Building on recommendations that more than 100 NGOs (including CVT) made to transform the nation’s immigration system broadly, as well as more specific humanitarian protection-focused recommendations from partner organizations, the report urges the Biden administration to prioritize the following five actions:
- Provide initial and ongoing training to all government personnel who regularly engage with asylum seekers on: recognizing signs of trauma exposure; understanding common behaviors of people exposed to trauma; and sensitive or trauma-informed principles for interacting.
All government personnel who regularly engage with asylum seekers should receive basic training on the psychological and physical effects of torture and other traumas, and on how to engage with trauma survivors in a non-adversarial manner. Such training should be tailored depending on the recipient’s role in the system—for example, whether the person is law enforcement, serves an adjudicatory function, is charged with collecting information, and/or has medical responsibilities. The training should include how to ask questions in a non-interrogative manner; incorporating boundaries, transparency and choice; and allowing for breaks as needed.
- Provide secondary trauma and resilience training and support, initially and at regular intervals, to all government personnel who routinely engage with asylum seekers.
Indirect exposure to trauma can have harmful health consequences to the individual and lead to occupational hazards such as prejudicing asylum seekers’ claims and high staff turnover. Secondary trauma and resilience training and support need to be expanded and emphasized for all government personnel who regularly engage with asylum seekers, including but not limited to asylum officers, Customs and Border Protection officers, Immigration and Customs Enforcement officers, immigration judges, and medical personnel.
- Provide trauma survivors with government-funded rehabilitation services, including as a form of redress for asylum seekers traumatized by Trump administration policies and practices.

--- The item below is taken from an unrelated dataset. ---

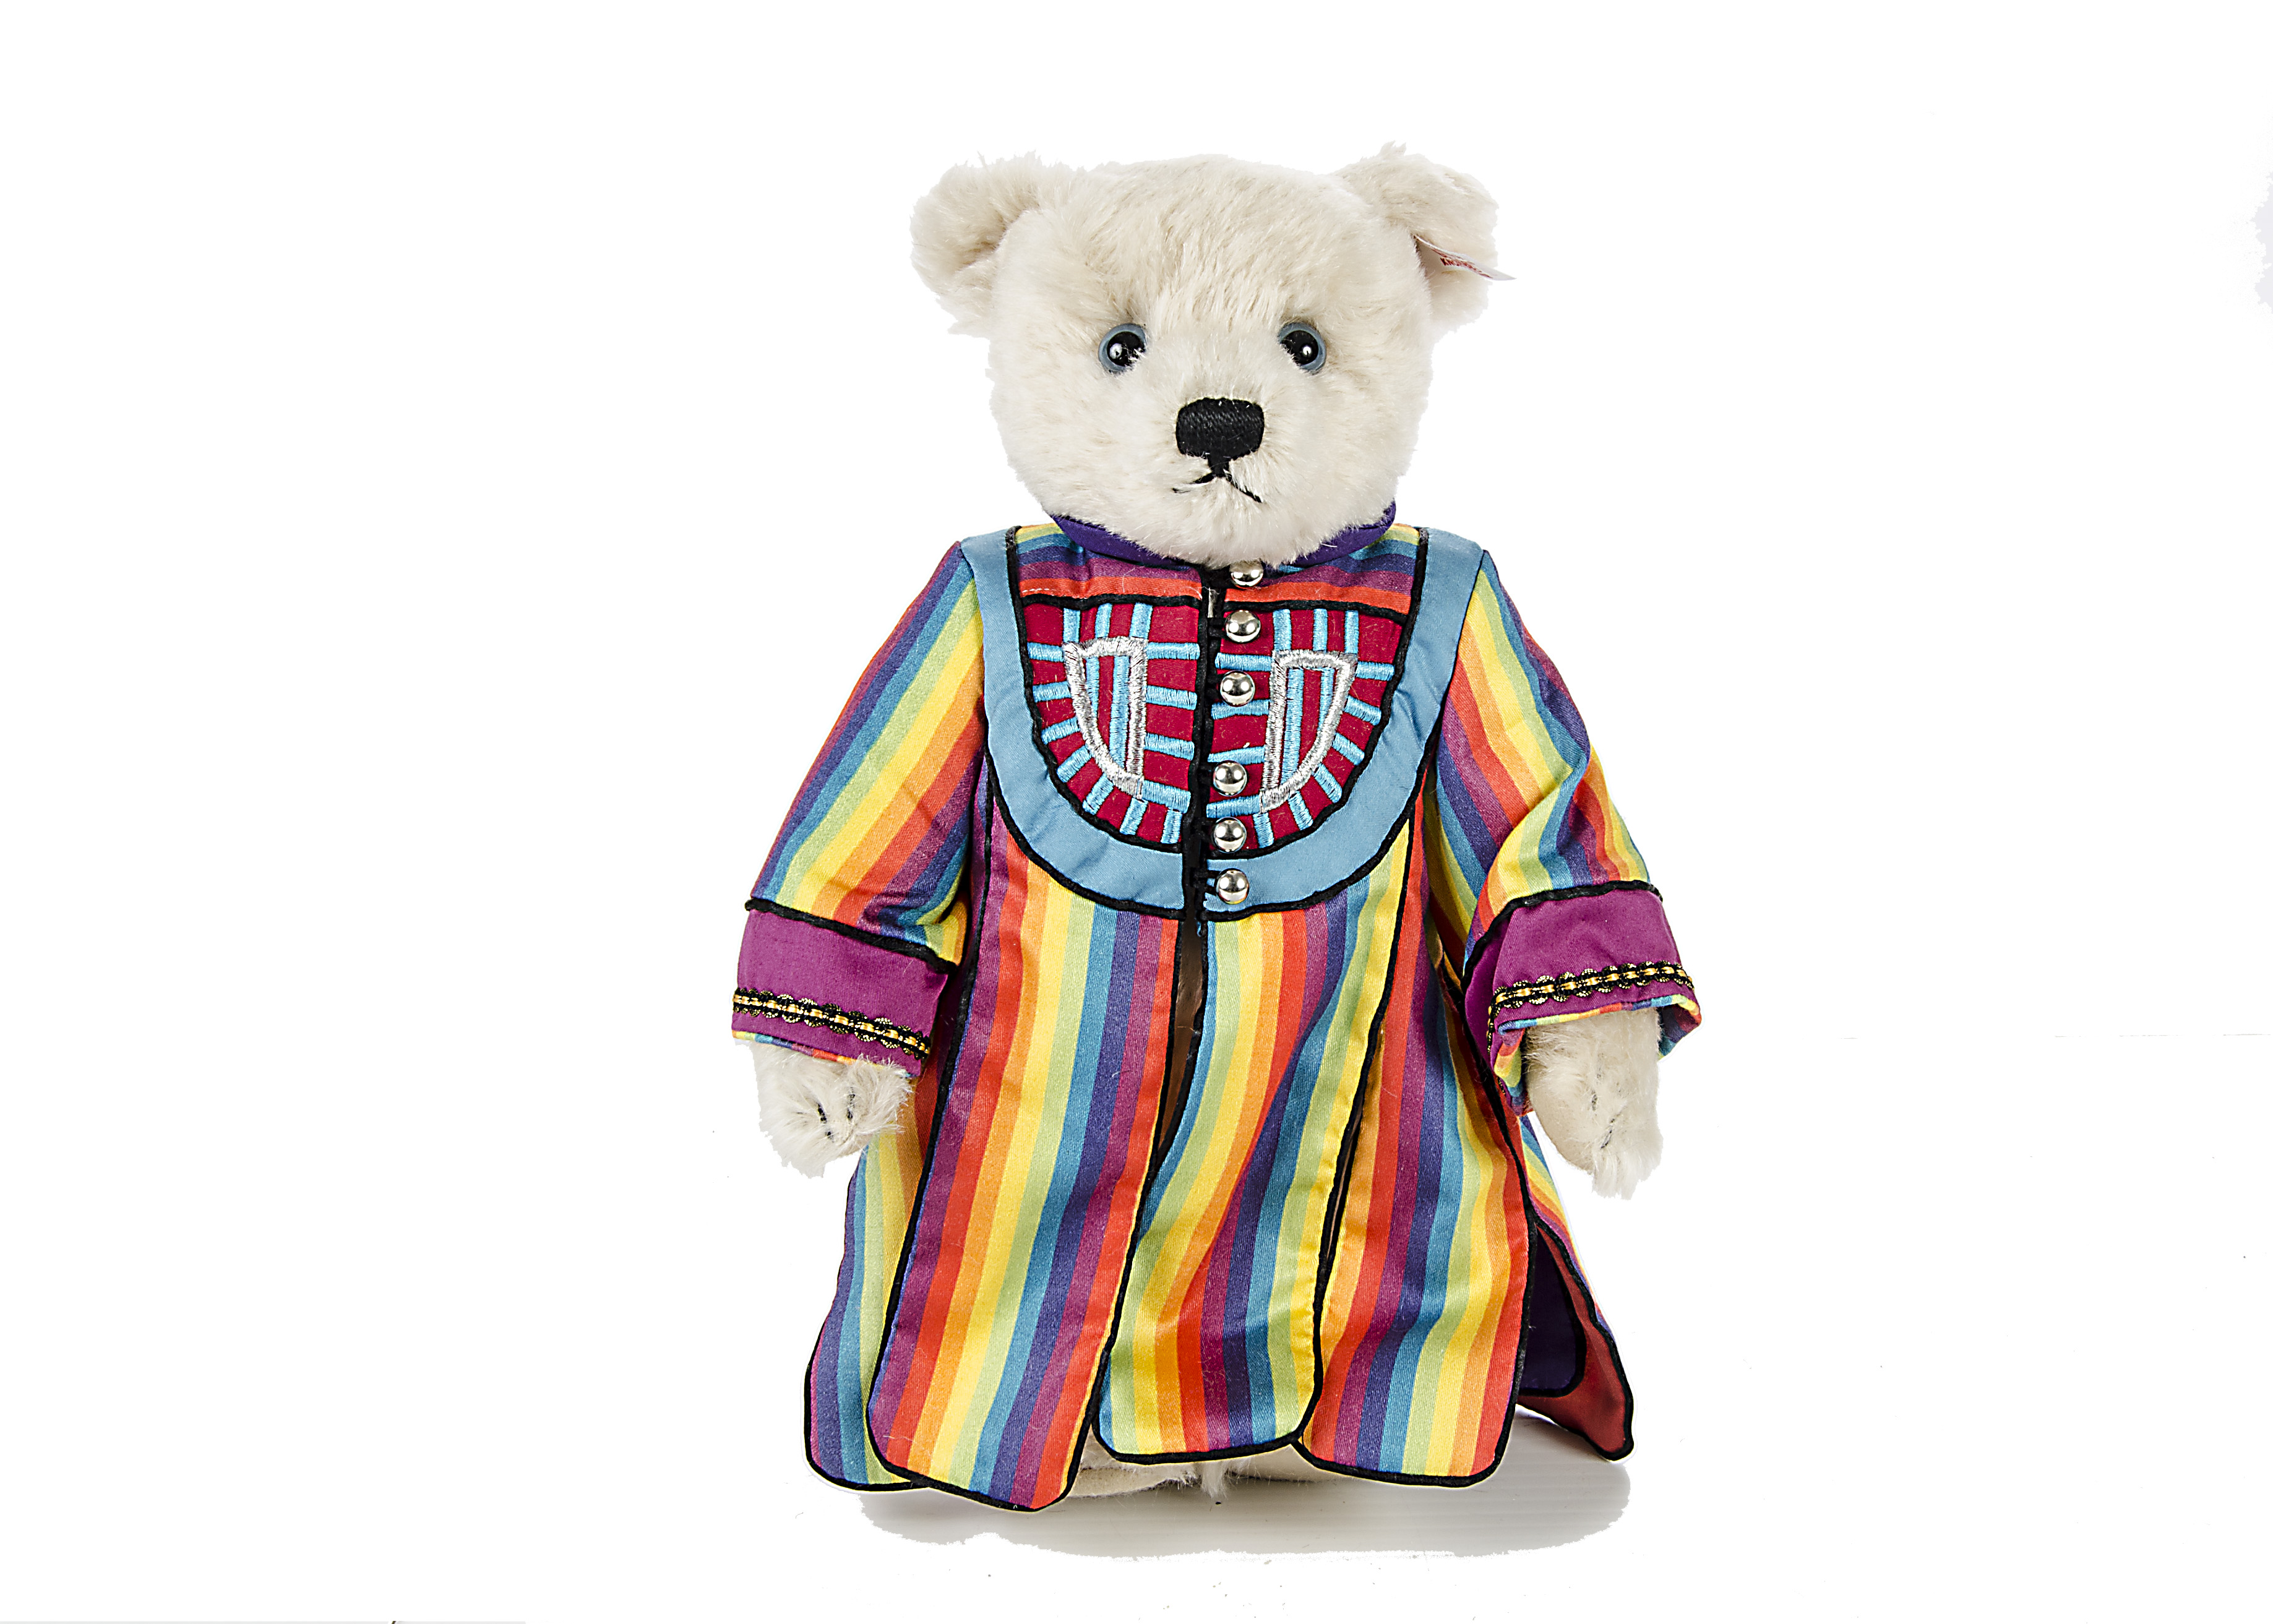 A Steiff Limited Edition Musical Teddy Bear Joseph, 1522 of 2008, in original box with

A program to provide services should be housed in the Administration for Children and Families’ Office of Refugee Resettlement but should operate in close coordination with United States Citizenship and Immigration Services. Rehabilitation services should be provided by non-governmental organizations and entities with appropriate clinical expertise that contract with the federal government. Such services could also be mandated through settlement agreements in certain pending litigation.
- Phase out immigration detention.
Often indefinite in nature, immigration detention is both re-traumatizing and an independent source of trauma for many subjected to it and should be phased out entirely. The administration can dramatically reduce the detained population quickly by immediately ending family detention and cutting ties with the private prison industry; eliminating bond for those eligible for release; and applying a presumption of liberty when revisiting the status of currently detained immigrants and during initial assessments of those newly arriving.
- To the maximum extent possible, eliminate features of the asylum system that are unnecessarily adversarial or otherwise exacerbate or cause trauma.
There are a number of reforms that need to be made to reorient the asylum system toward cooperation, justice, and respect. They include shifting to a humanitarian-based “reception center” model at U.S. borders, with robust case management and support services, to minimizing the use of immigration court, to assessing claims through non-adversarial methods, processes, standards, and settings designed to facilitate truth telling and limit re-traumatization.